Alibaba recently unveiled its new open-source video generation model, Wan2.1, late at night. Boasting 14 billion parameters, it quickly ascended to the top of the VBench leaderboard, becoming a leading model in the video generation field. Unlike its predecessor, QwQ-Max, Wan2.1 excels in handling complex movements, smoothly rendering synchronized dances of multiple characters, a truly impressive feat.
In official demonstrations, Wan2.1 not only overcame challenges inherent in static image generation but also achieved new heights in text processing. While deploying the 14B parameter model on consumer-grade GPUs is difficult for average users, Alibaba also released a smaller 1.3B parameter version supporting 480P resolution, smoothly running on a 4070 GPU with 12GB of VRAM.
Image Source Note: Image generated by AI, licensed through Midjourney.
Besides the 14B and 1.3B versions, Alibaba released two additional video generation models, all under the Apache2.0 license, allowing for free commercial use. Users can access the model via Alibaba's platform for quick video generation, though high user volume may result in waiting times. Users with technical expertise can also install and debug the model through HuggingFace, MoDa community, and other channels.

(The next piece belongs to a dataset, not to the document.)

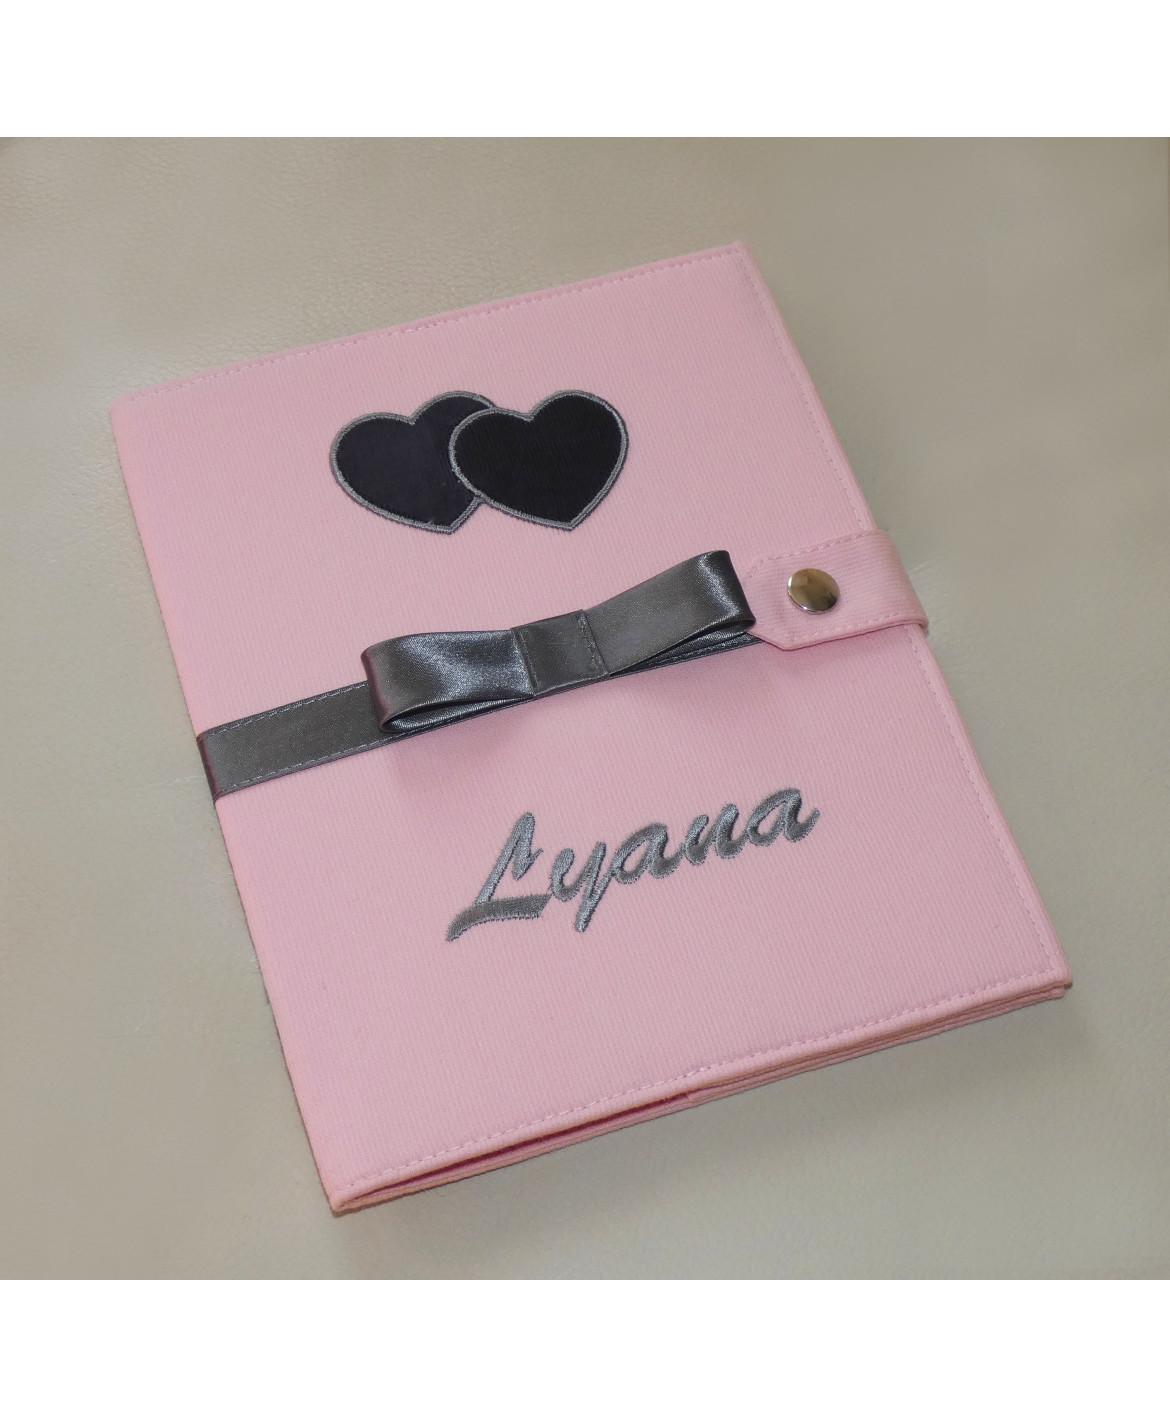 Protège carnet de santé fille rigide personnalisé - motif coeur gris anthracite - Cadeau de naissance personnalisé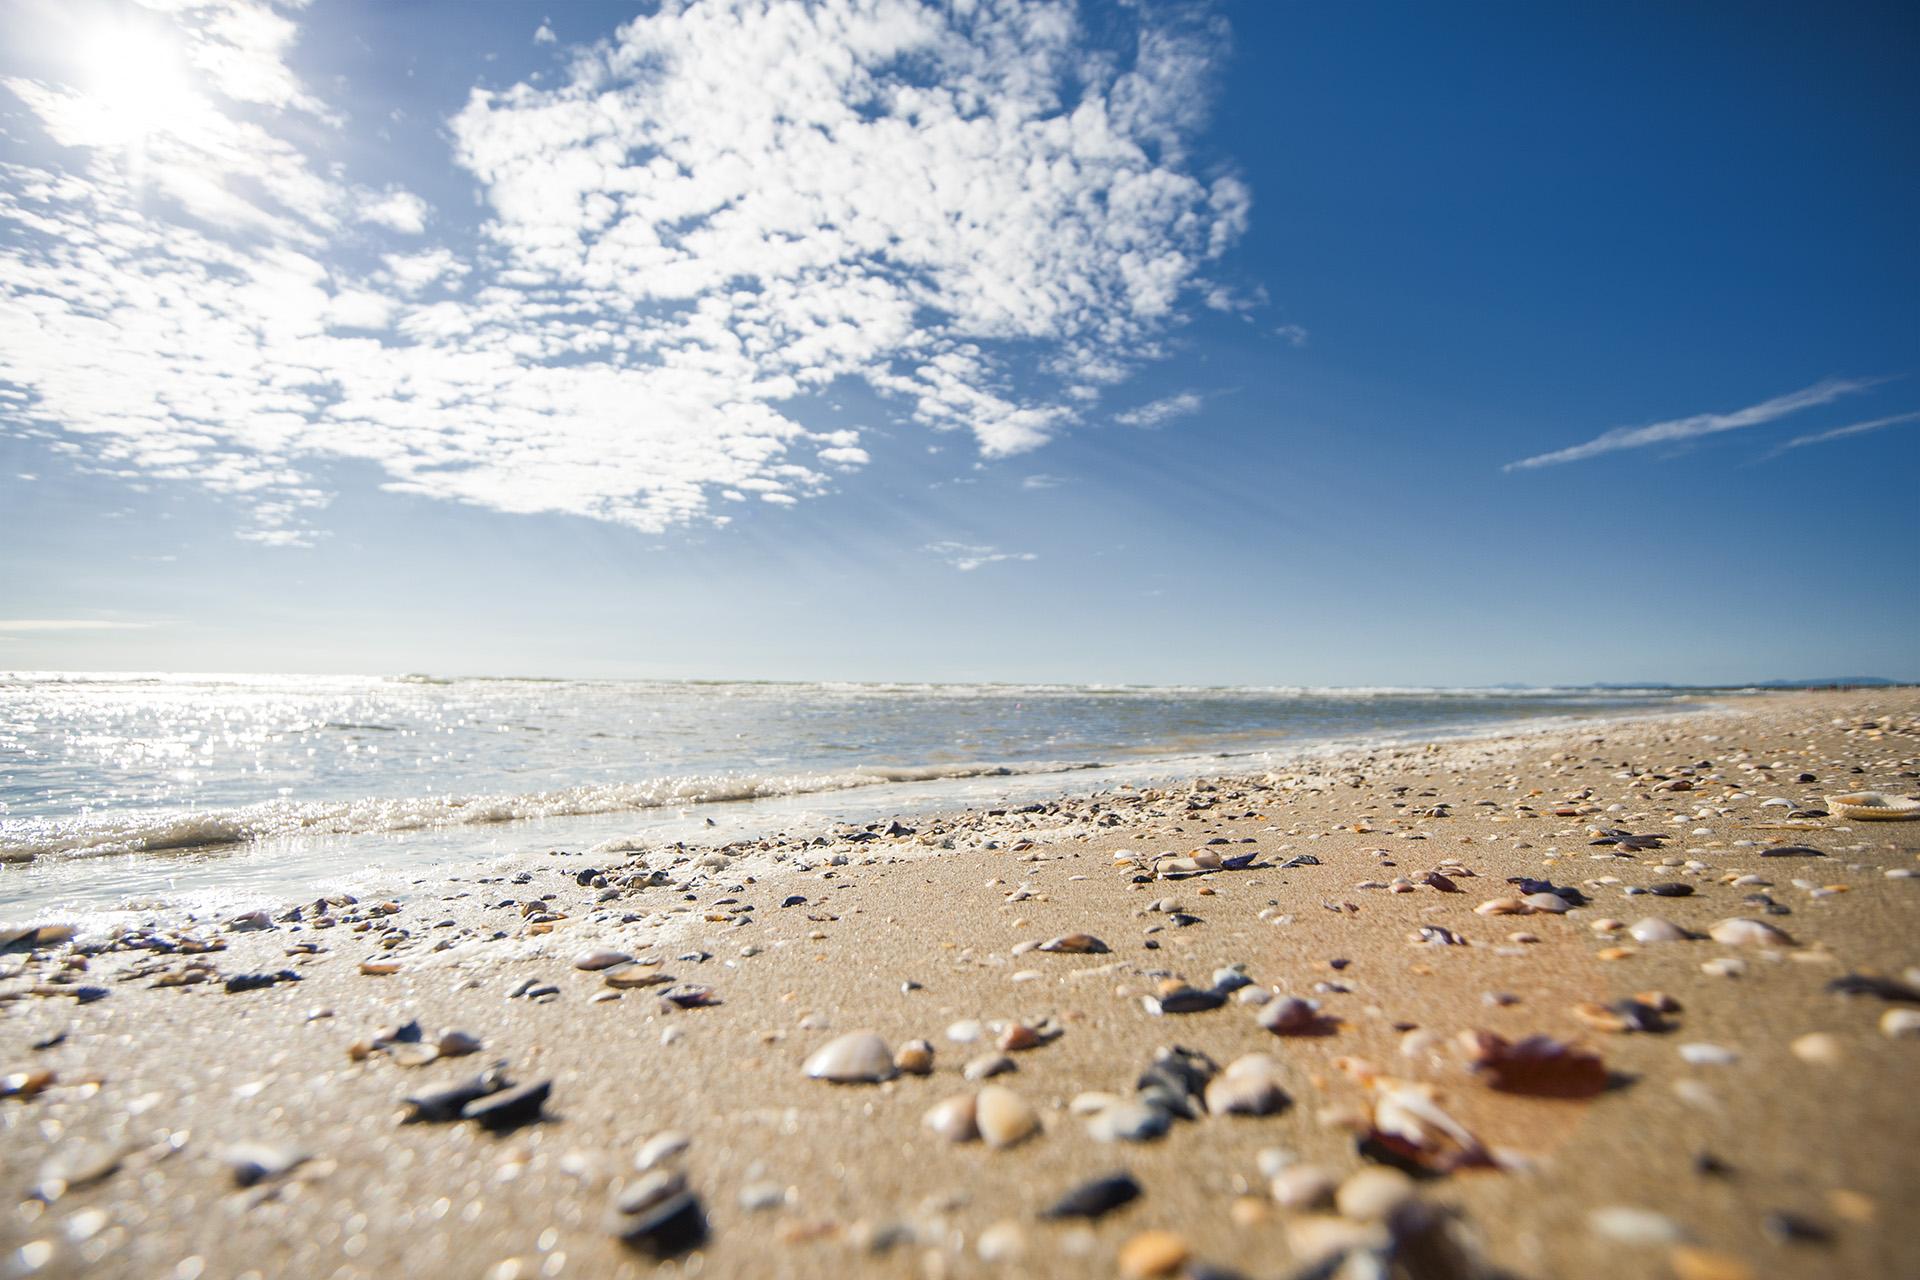 Matrimonio Spiaggia Marina Di Ravenna : File marina di ravenna spiaggia g wikimedia commons

Wan2.1's biggest highlight is its technological innovation. It utilizes a Diffusion Transformer architecture and a 3D variational autoencoder, specifically designed for video generation. By incorporating various compression and parallelization strategies, the model significantly improves generation efficiency without compromising quality. Studies show Wan's reconstruction speed is 2.5 times faster than current comparable technologies, greatly saving computational resources.
Wan2.1 has received positive user feedback. The model's detailed rendering of dynamic scenes and natural physics effects are particularly noteworthy. Users can create high-quality videos and easily achieve dynamic text presentation, opening up new creative possibilities.
Alibaba's Wan2.1 model is not only technologically advanced but also empowers creators with greater freedom, marking a significant breakthrough in video generation technology.